# EXERCISE
Please output exactly the part of the records below that opens with the line containing "Klippen in Rio de Janeiro, Brasilien" and closes with the line containing "Mulher a fazer", both lines included, and nothing else.

# SOURCE MATERIAL
----
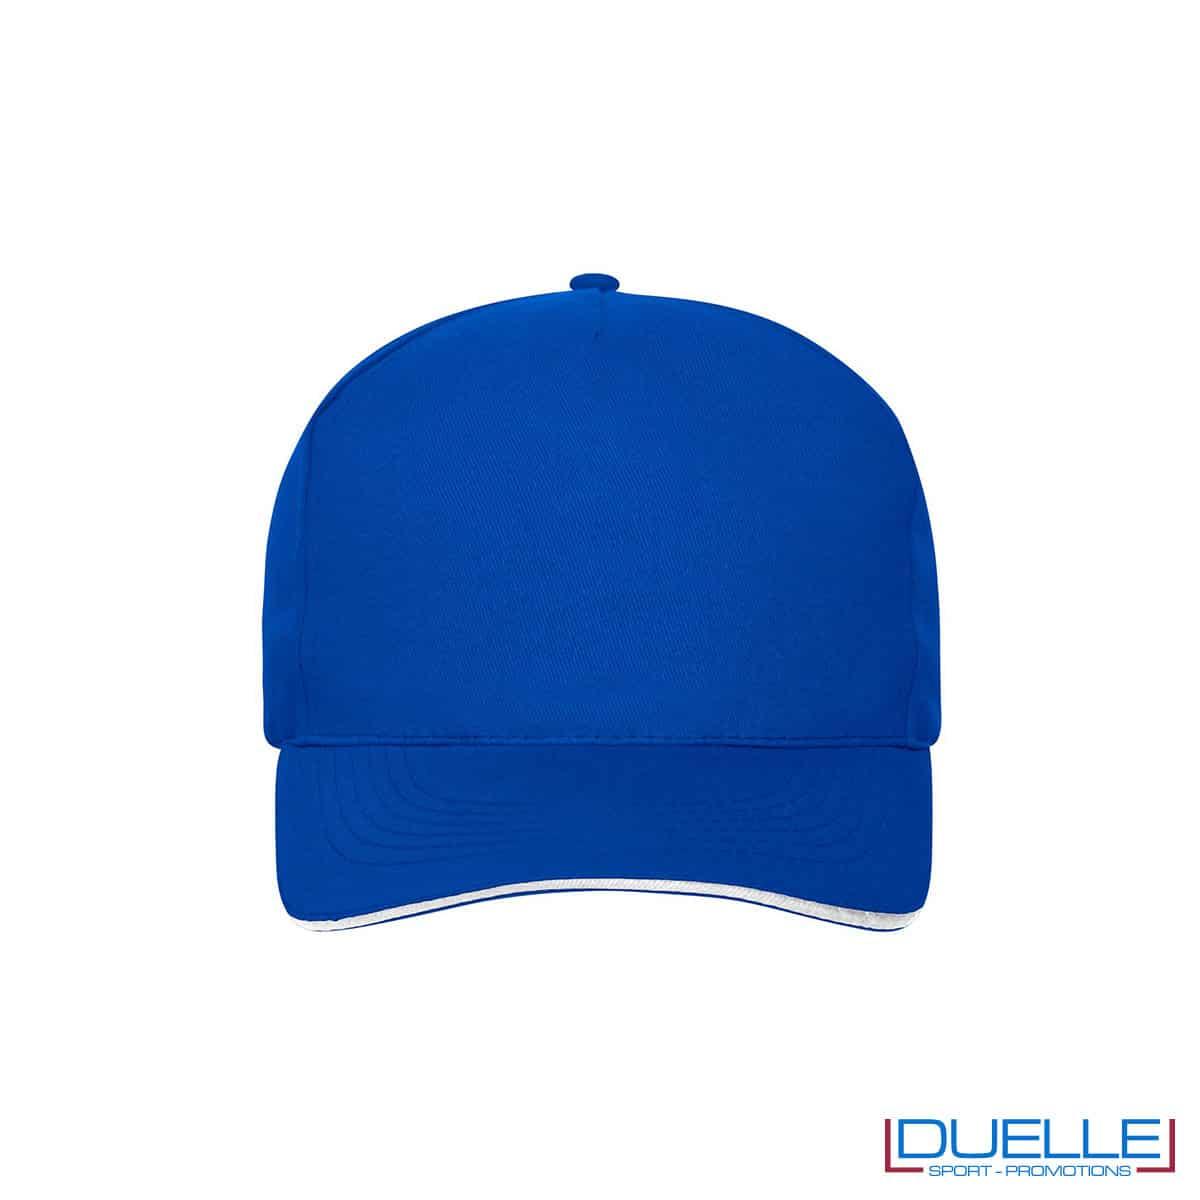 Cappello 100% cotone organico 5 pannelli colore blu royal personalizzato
----
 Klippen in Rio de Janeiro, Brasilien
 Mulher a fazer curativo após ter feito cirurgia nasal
----
# TASK RESULT
 Klippen in Rio de Janeiro, Brasilien
 Mulher a fazer curativo após ter feito cirurgia nasal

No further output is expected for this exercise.